Die gute Nachricht vorweg: Das funktioniert erstaunlich gut. Schacht versucht gar nicht erst, Siggis markante Stimme zu kopieren, sondern verpasst den Songs seinen eigenen Stempel. Gerade bei „We Bow To None“ gefällt mir das richtig gut. Der Gesang wirkt eigenständig und fügt sich überraschend stimmig in das Gesamtbild ein. Einzig im Mix dürfte er für meinen Geschmack stellenweise etwas weniger dominant sein.

Musikalisch bleiben Space Chaser ihrer Linie treu. Klassischer Thrash mit deutlich deutscher Schlagseite trifft auf eine ordentliche Portion Speed Metal und punkige Energie. Kreator, Sodom und Destruction lassen grüßen, ohne dass Space Chaser dabei wie eine reine Kopie ihrer Vorbilder klingen. Stattdessen bekommt das Ganze durch die Sci-Fi- und Horror-Thematik seinen eigenen Anstrich.
Und vor allem: „Razorblade Bay“ macht verdammt viel Spaß. Die Songs sind aggressiv, schnell und direkt auf den Punkt. Mit gerade einmal knapp 33 Minuten ist das Album zudem angenehm kompakt. Hier gibt es kein unnötiges Füllmaterial, sondern eine konzentrierte Ladung Thrash, die ziemlich schnell zum nächsten Durchlauf einlädt.
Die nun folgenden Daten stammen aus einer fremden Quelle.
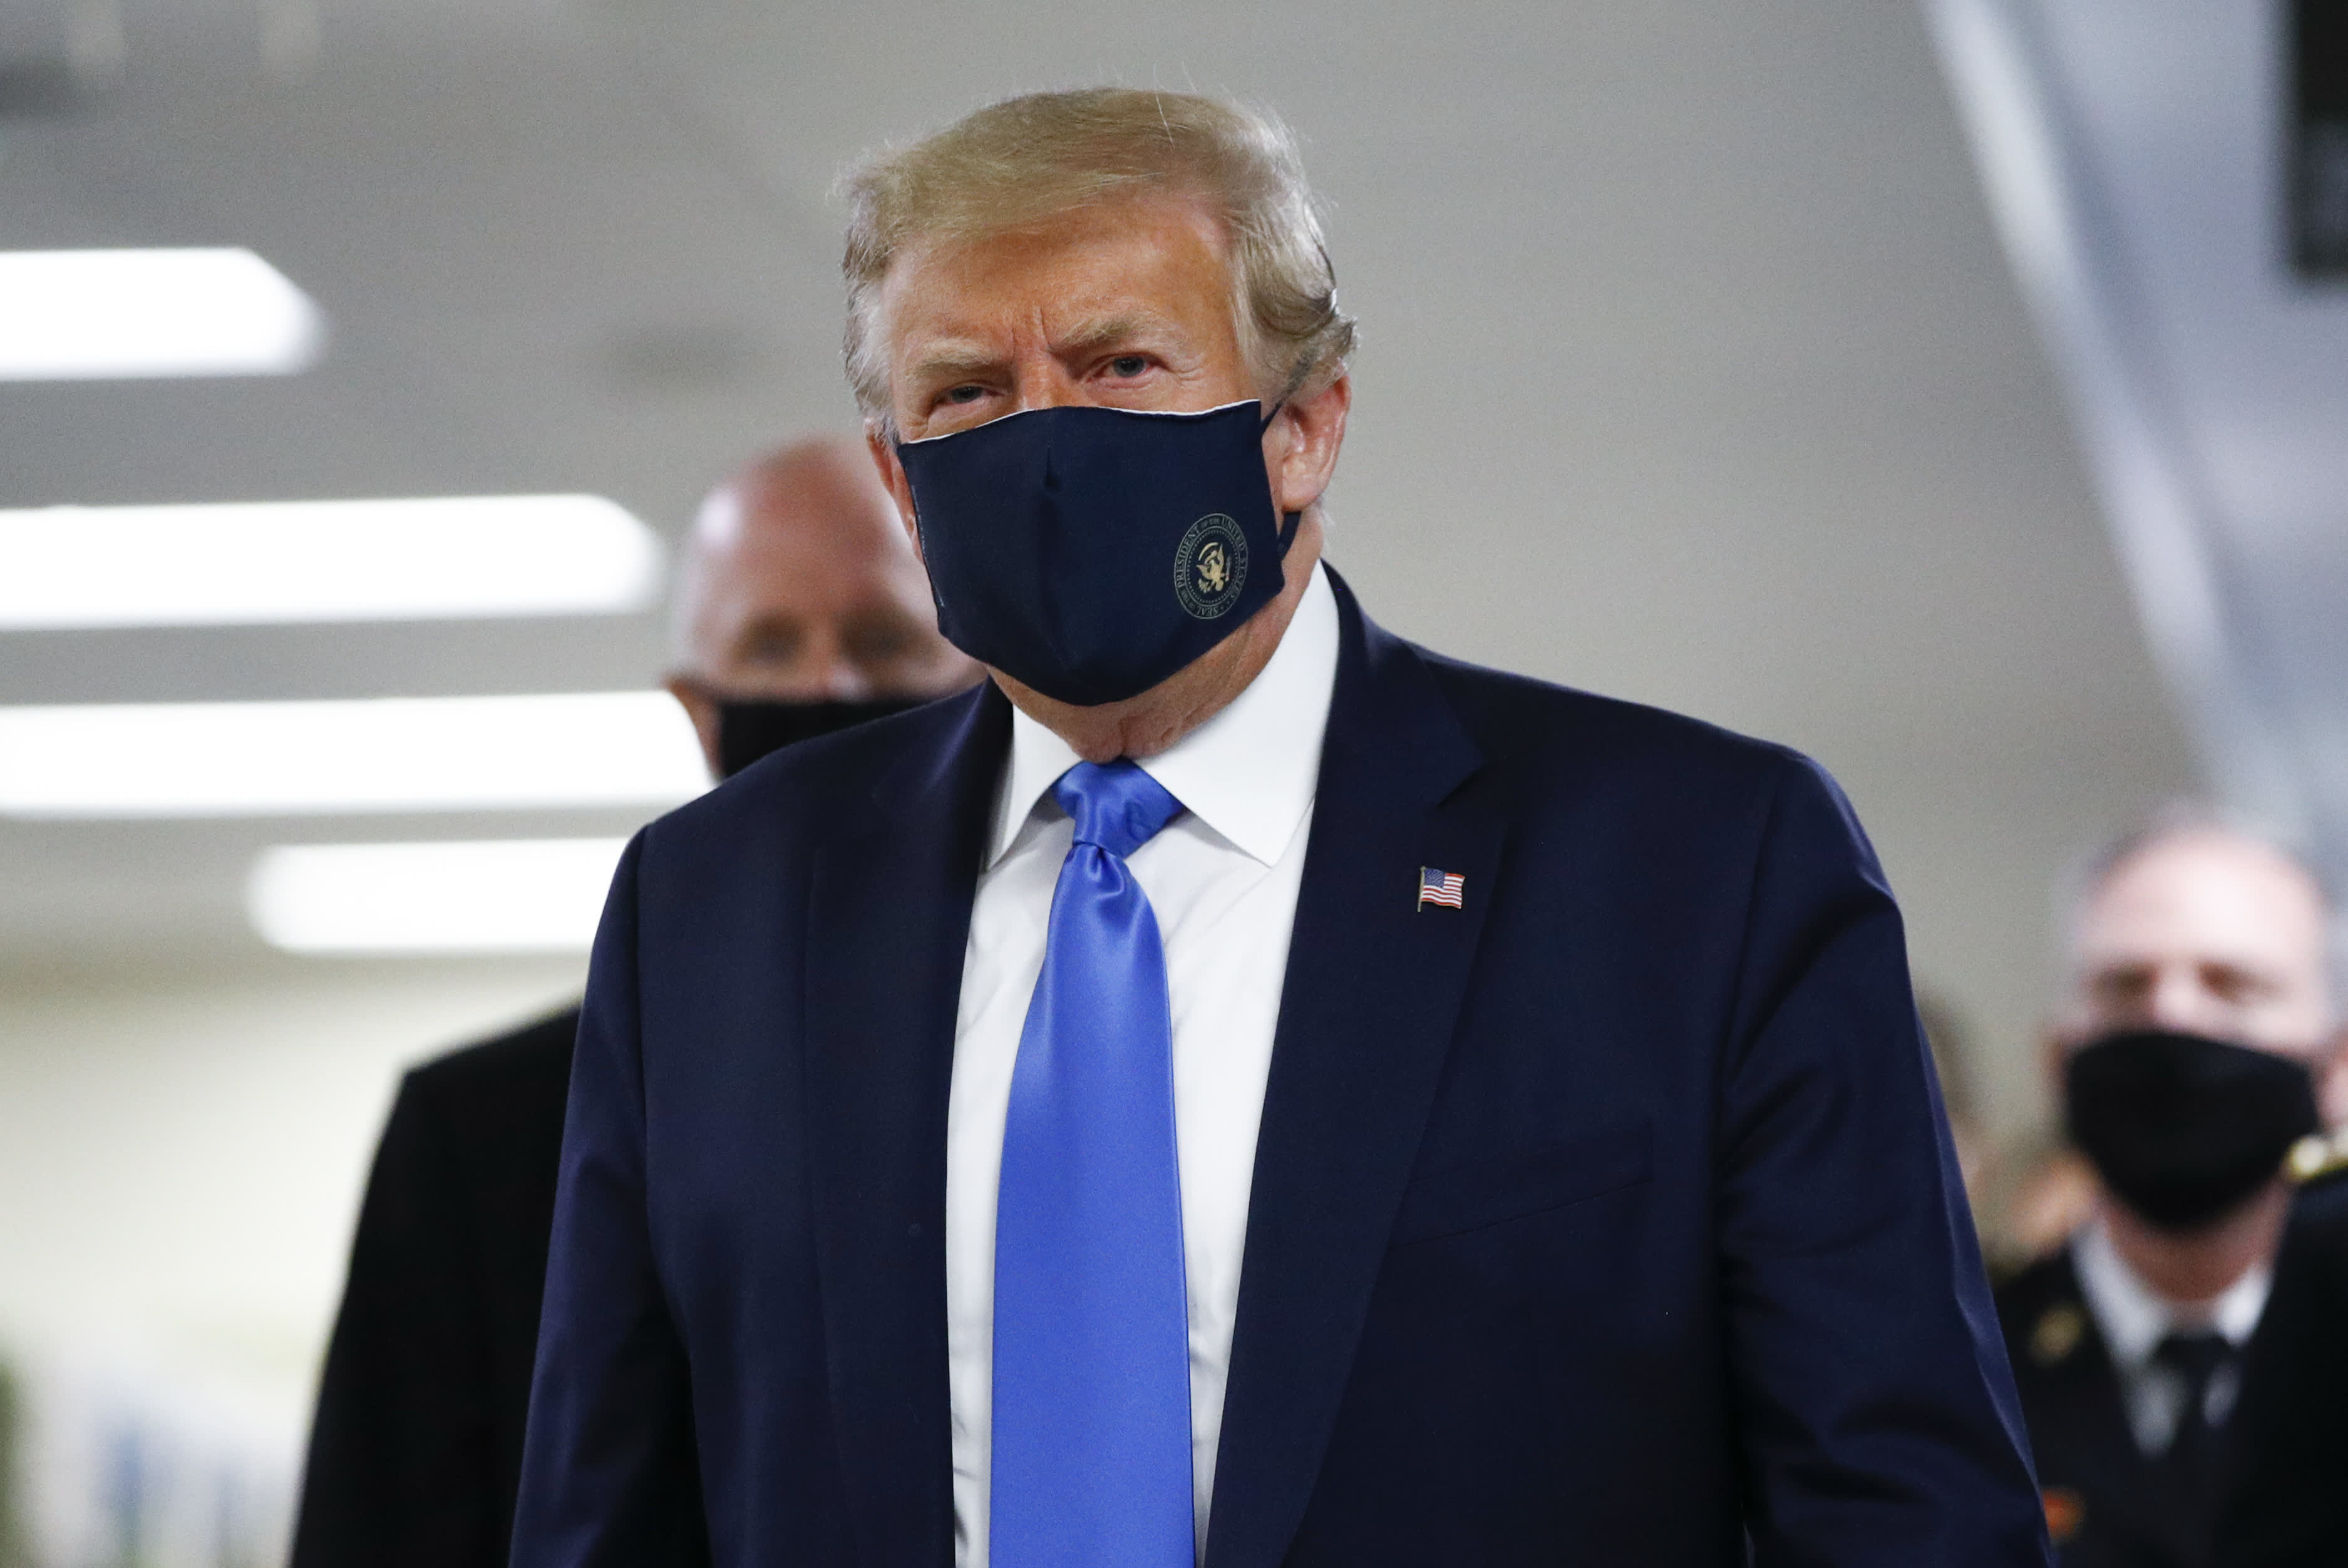 Trump indossa una maschera di coronavirus durante la visita pubblica all'ospedale militare Walter Reed
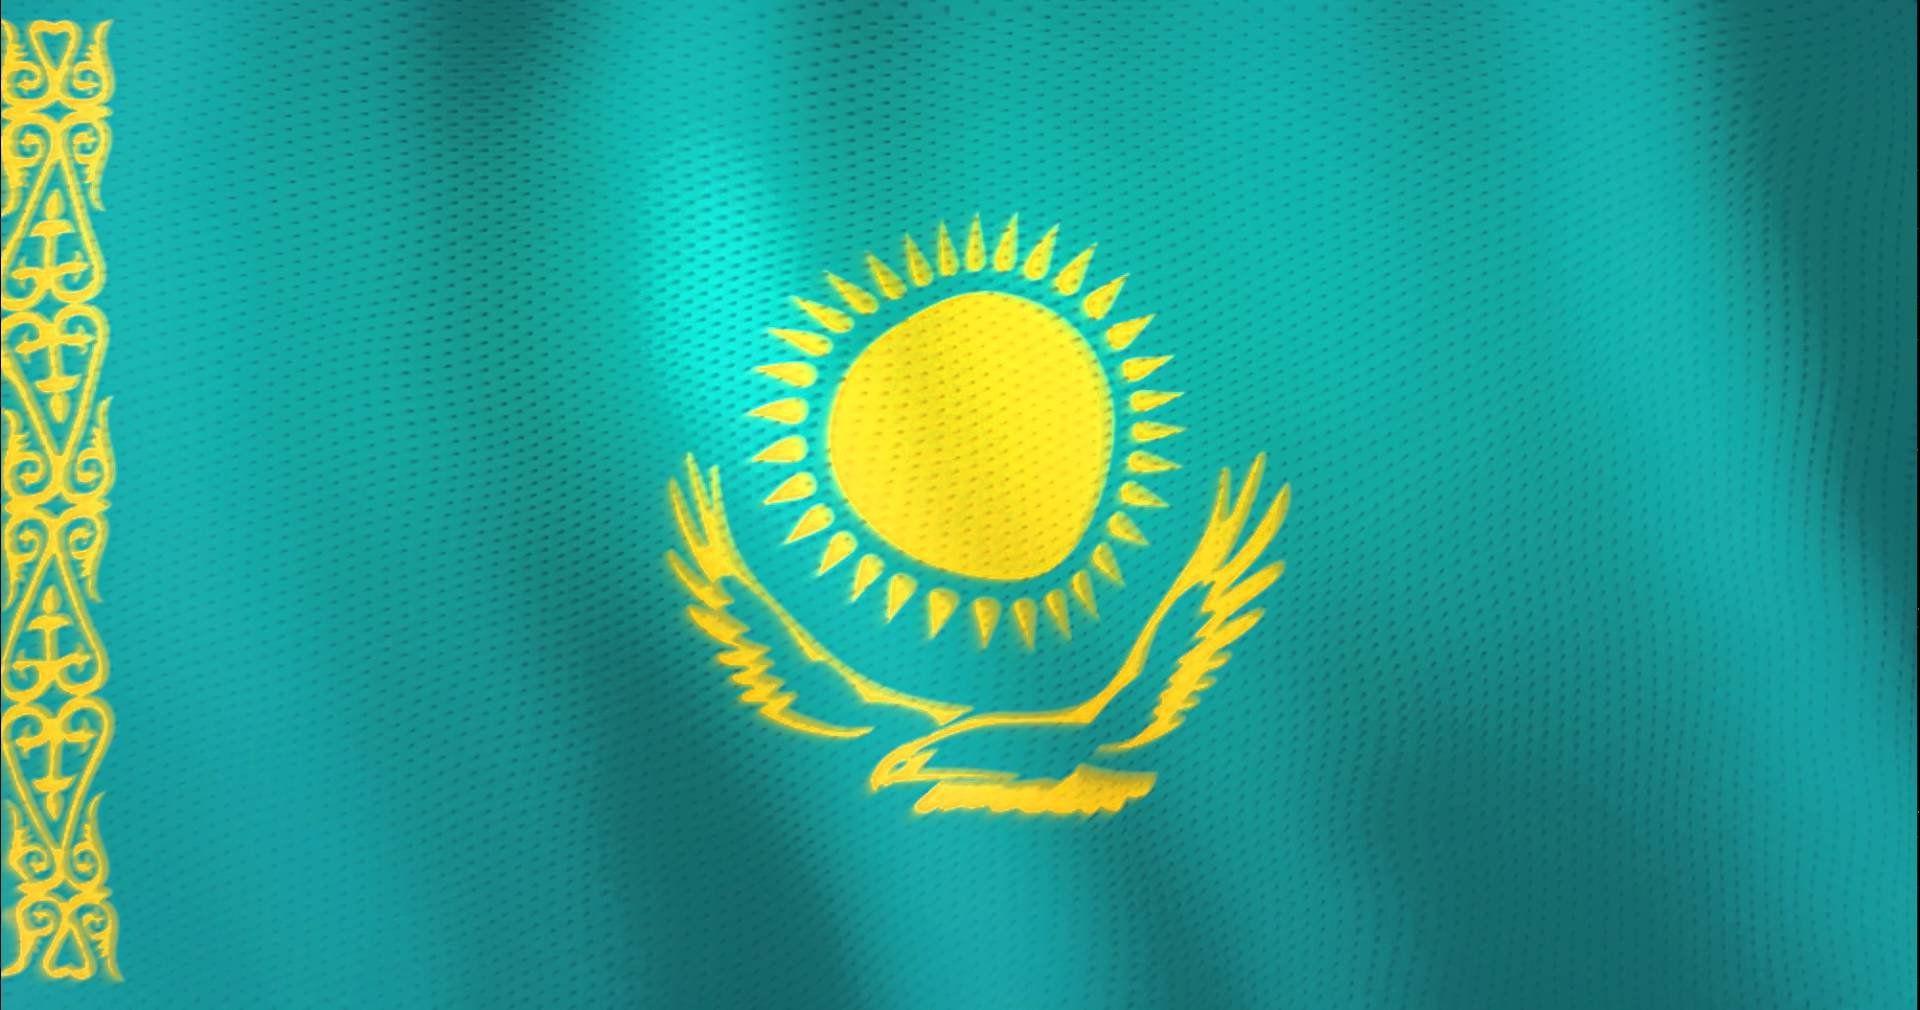 Фото легкой атлетики казахстана зондирование берут

„Razorblade Bay“ erfindet den Thrash Metal sicher nicht neu. Das muss es aber auch gar nicht. Space Chaser liefern ein energiegeladenes Album ab, das traditionelle Zutaten mit ihrem eigenen Stil verbindet und gleichzeitig zeigt, dass der personelle Wechsel am Mikrofon kein Grund zur Sorge war. Für mich ein ziemlich gelungenes Comeback.
Mario W.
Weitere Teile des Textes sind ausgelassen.